Provided data -
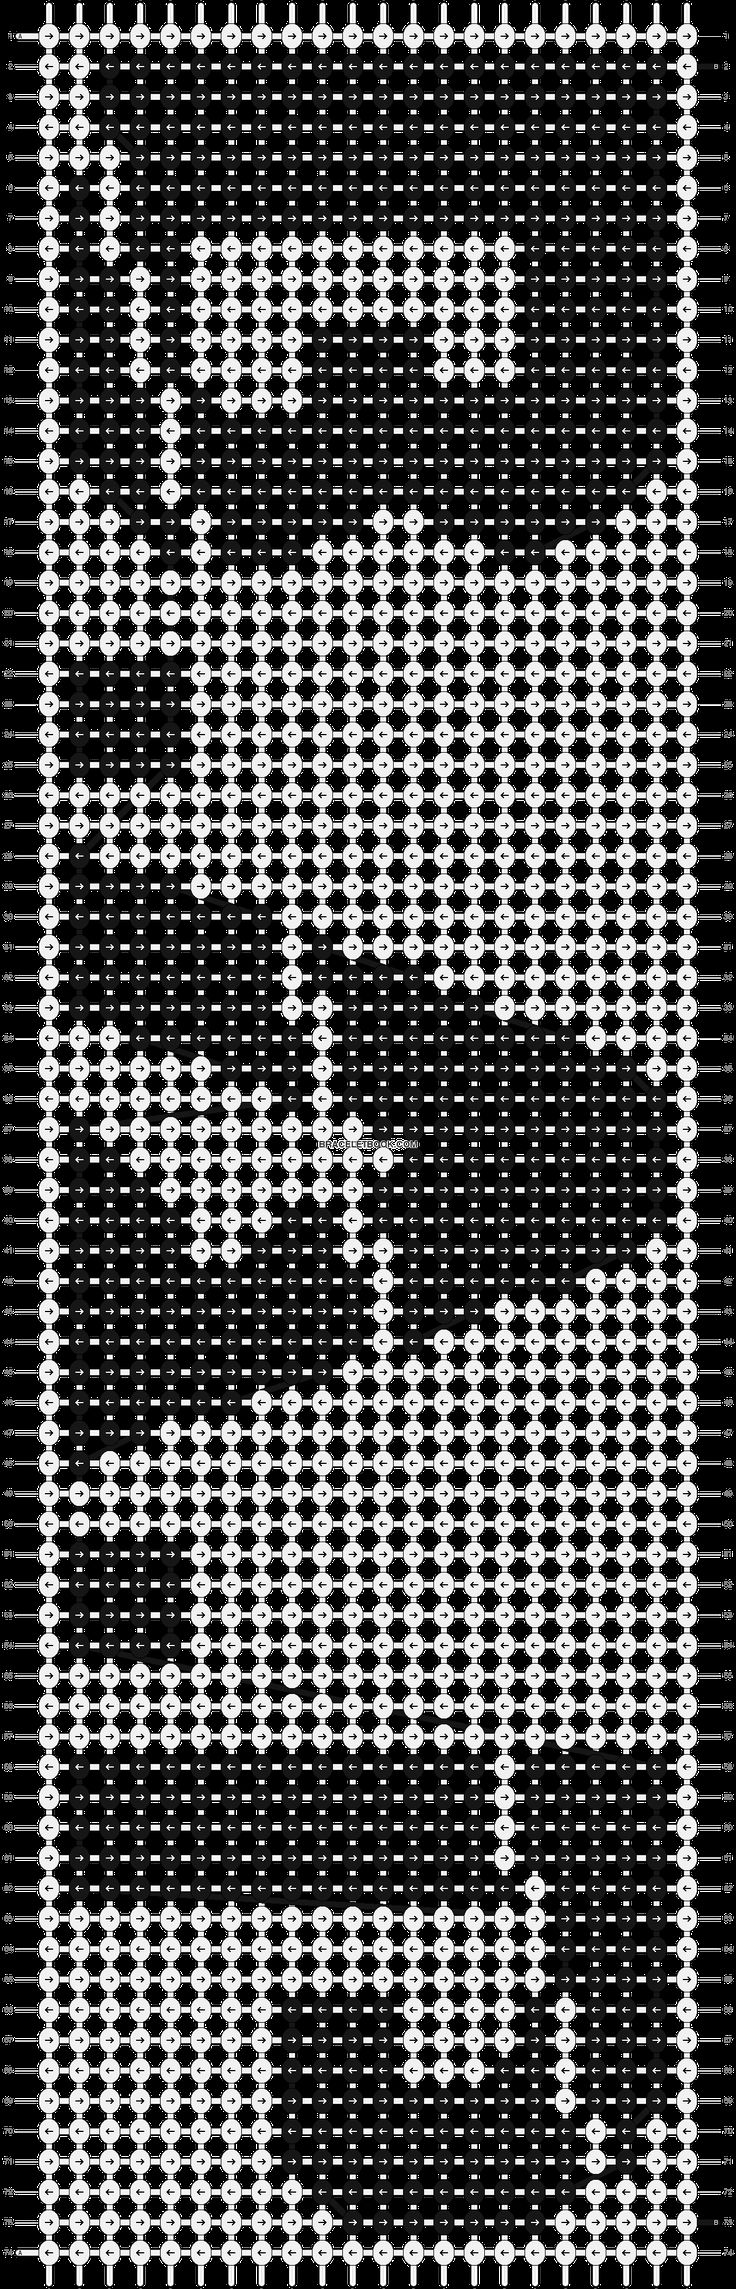 Alpha Pattern #6468 added by Nickistar KPOP!
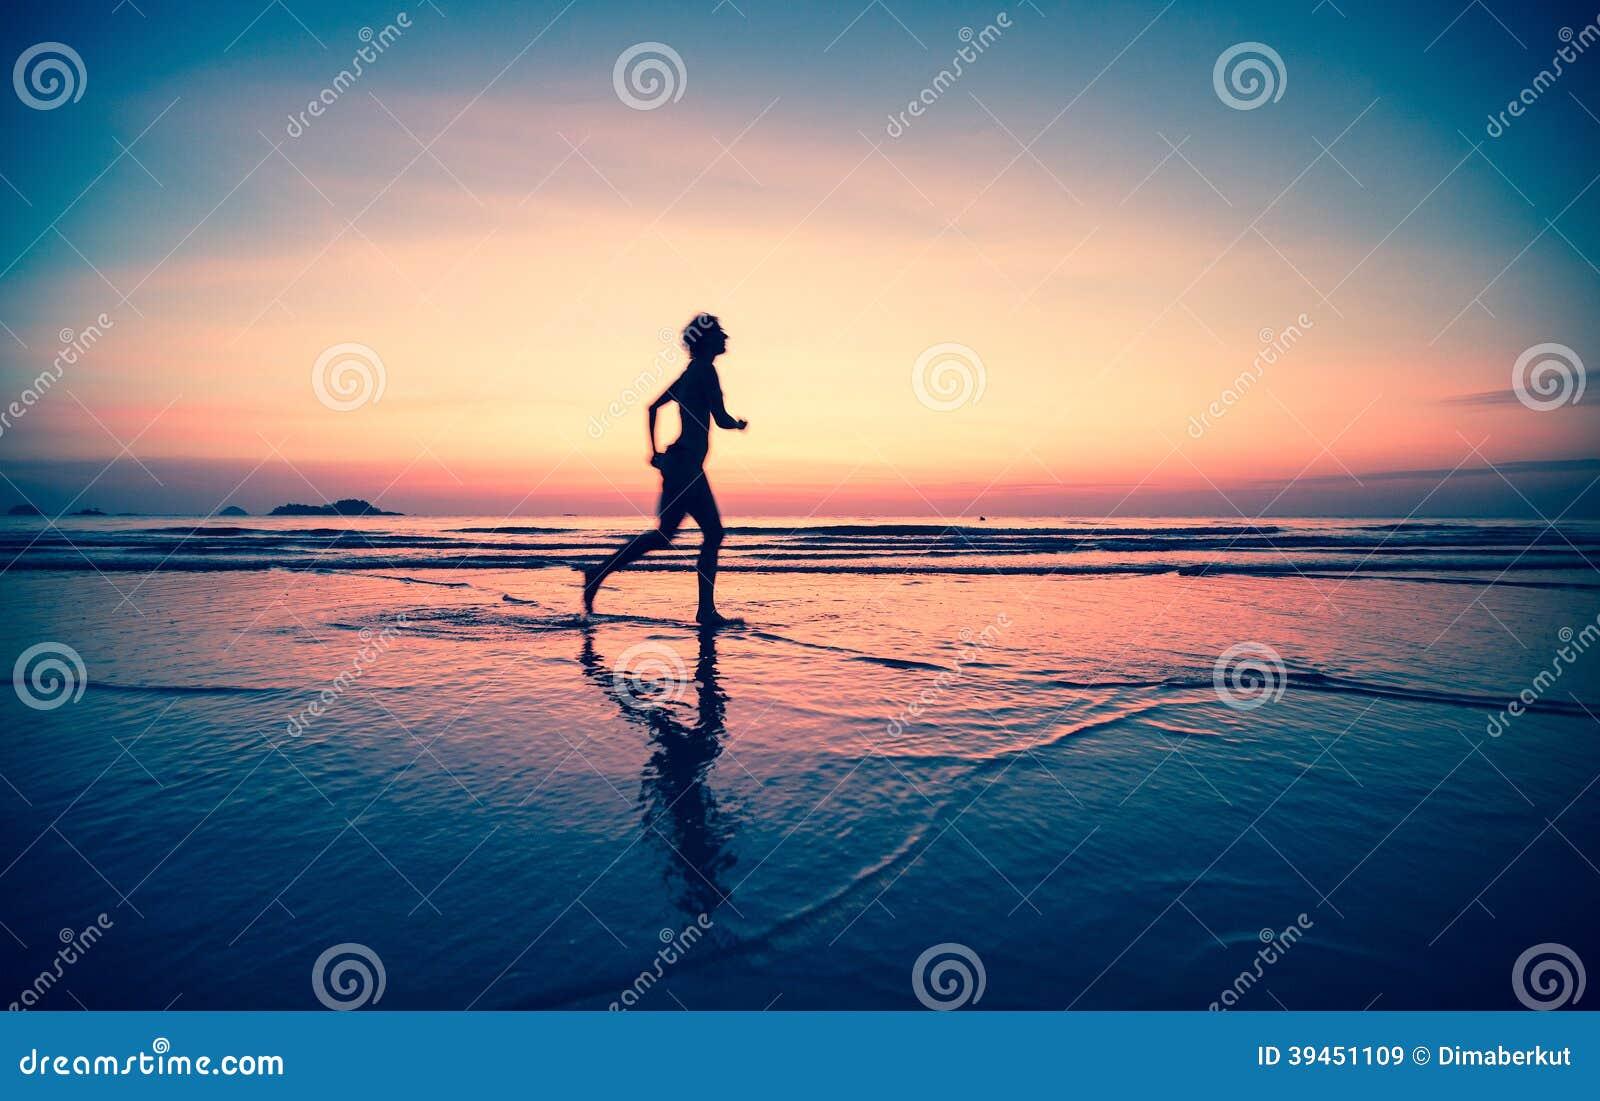 Blured kontur av en kvinnajogger på stranden på solnedgången
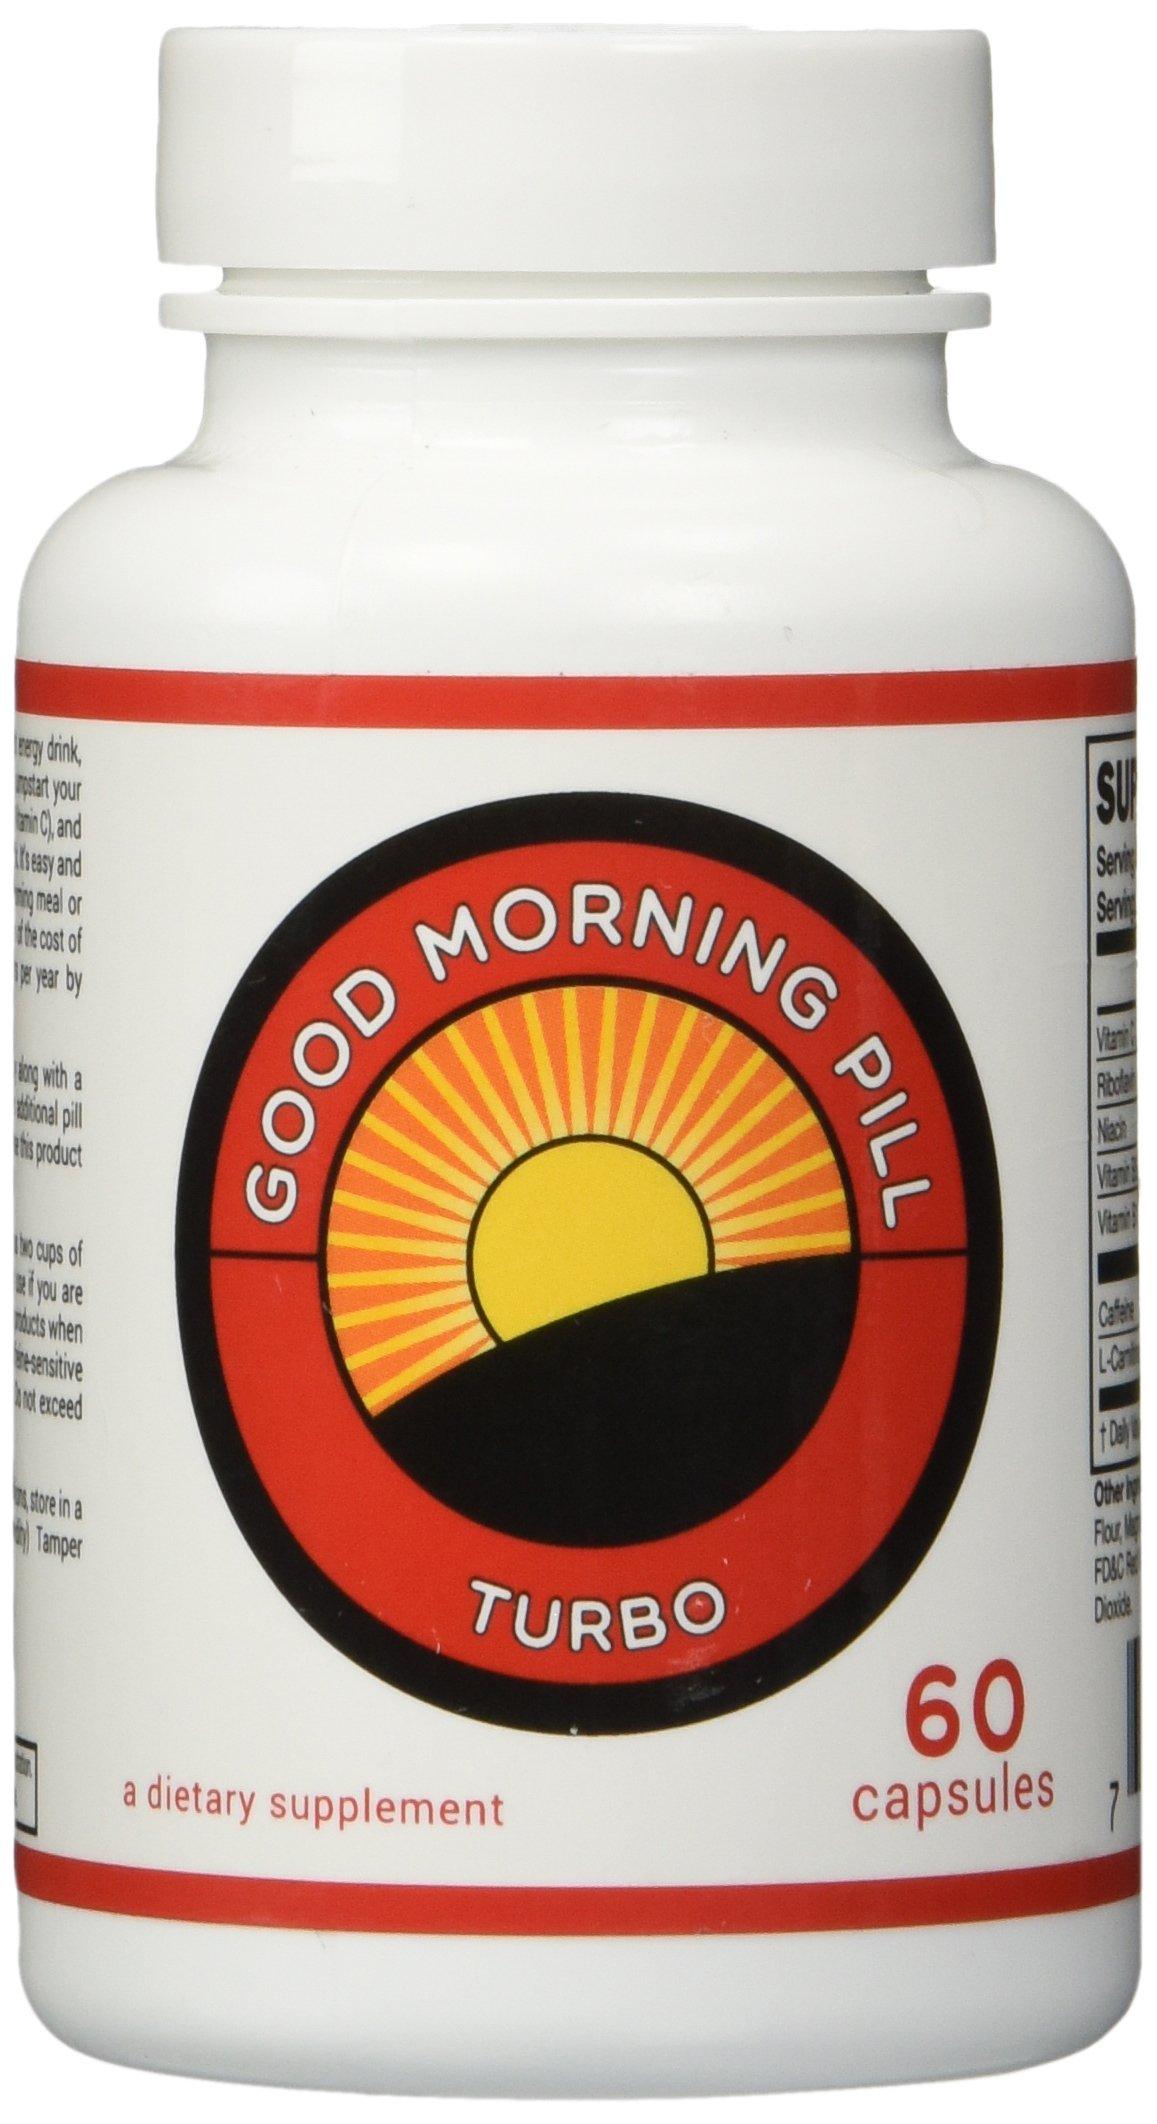 Good Morning Pill Turbo - 200mg Caffeine Pills - Extra Strength Energy Supplement  (60 Capsules)

Description of the task -
Leave out the images and copy all remaining data word for word.

Result -
 Alpha Pattern #6468 added by Nickistar KPOP!
 Blured kontur av en kvinnajogger på stranden på solnedgången
 Good Morning Pill Turbo - 200mg Caffeine Pills - Extra Strength Energy Supplement  (60 Capsules)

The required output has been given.